Nuclear power plants have been the diametric opposite of plug-and-play ethos. For one thing, they have been large—each reactor producing many hundreds of megawatts or more of power—and that size has meant that each one has been manufactured to order. On top of the cost of those large reactors and their primary systems, there’s the price of redundant systems—backups to backups to backups. What’s more, each new plant has required maybe a decade of planning and complex, individualized assessments.

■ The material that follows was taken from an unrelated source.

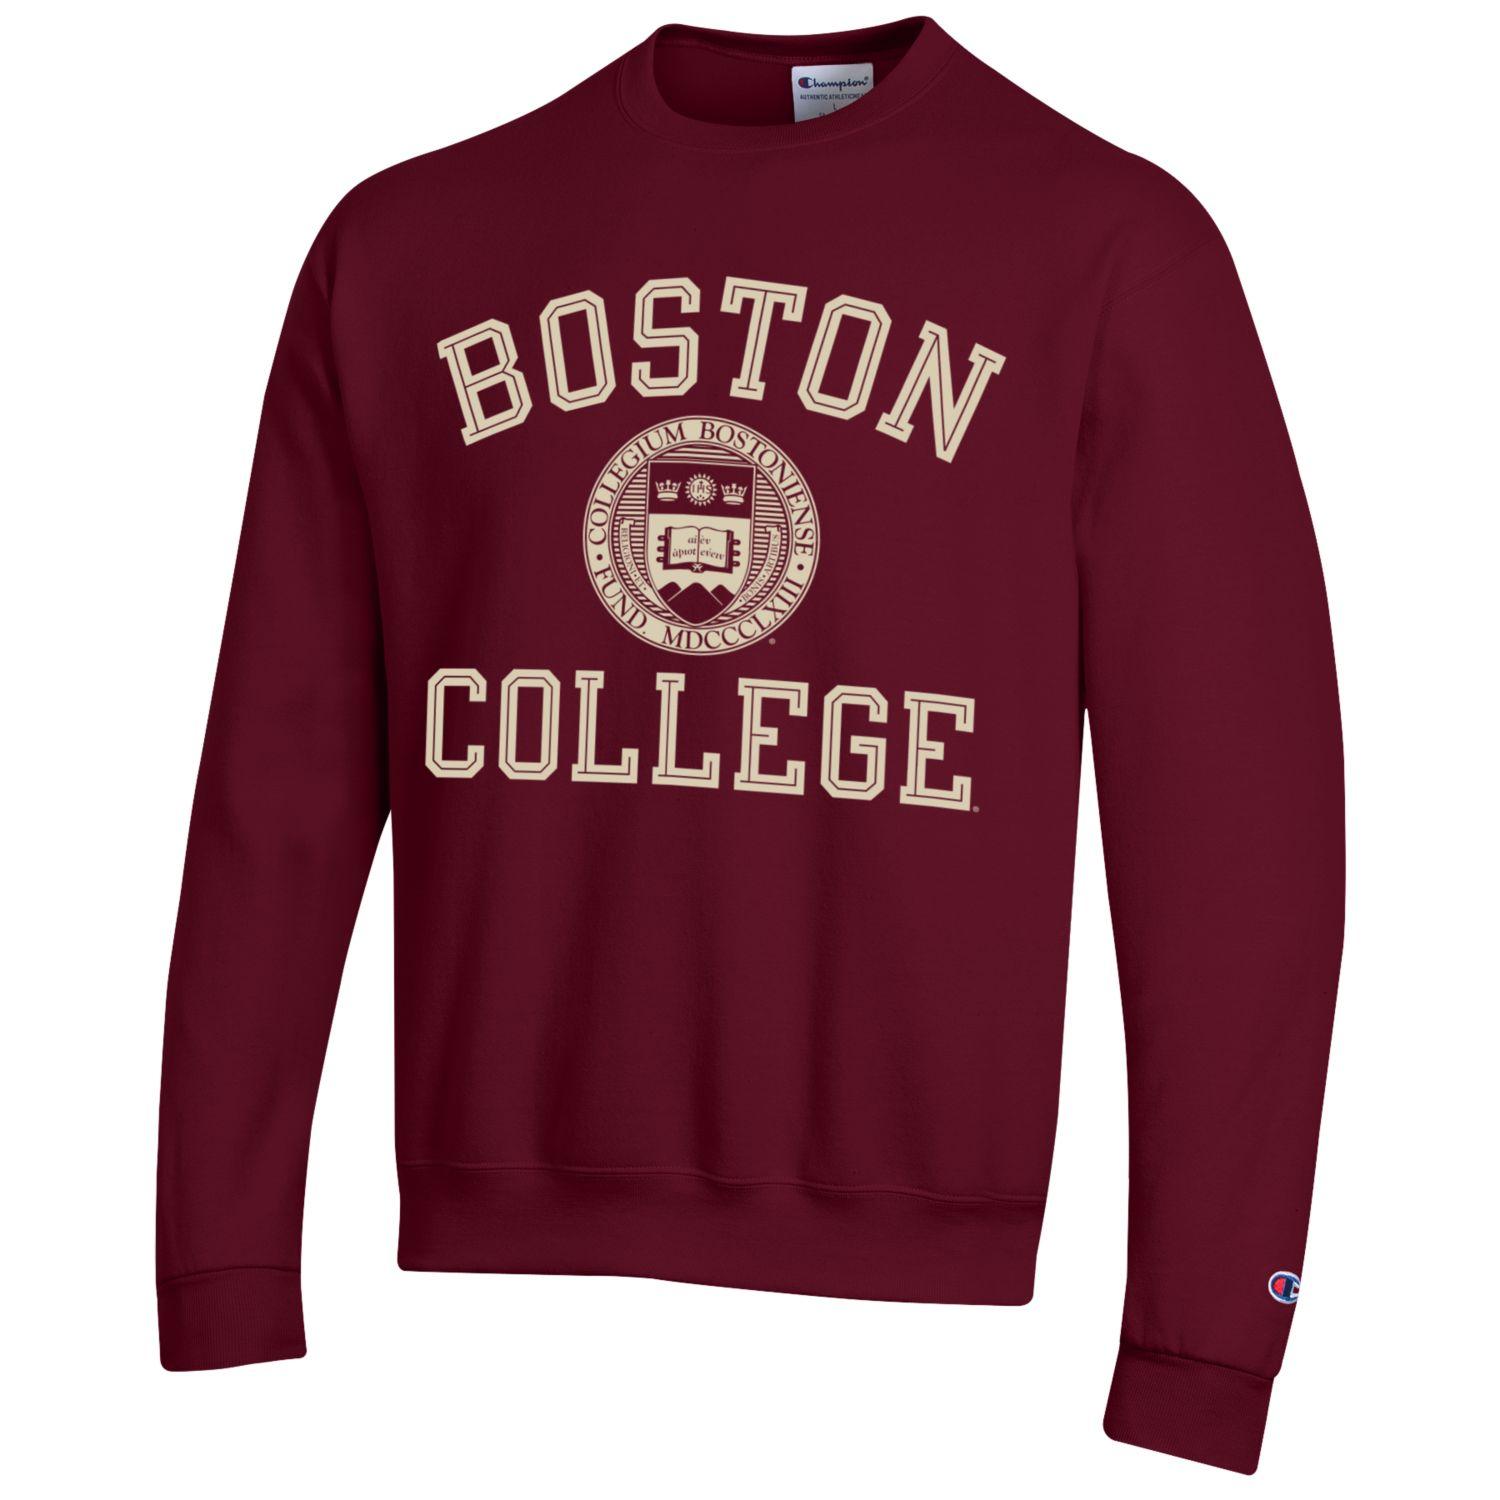 Boston College arch & seal Champion crew-neck sweatshirt-Maroon-Shop College Wear

In the early decades of this century when companies and the U.S. government looked to build a new generation of large, light-water reactors, the rule-of-thumb cost was around $1,500 per kilowatt, or between $1 billion to $2 billion for a standard plant. But once companies tried to build new nuclear plants, they quickly realized that those costs were unachievable. The Tennessee Valley Authority finished the Watts Bar 2 plant in 2016 after halting construction on the substantially completed plant in the 1980s; costs for that second reactor are estimated at around $5 billion, or $4,000 per kilowatt. Building a nuclear plant from scratch would likely cost somewhere between $8 billion and $10 billion.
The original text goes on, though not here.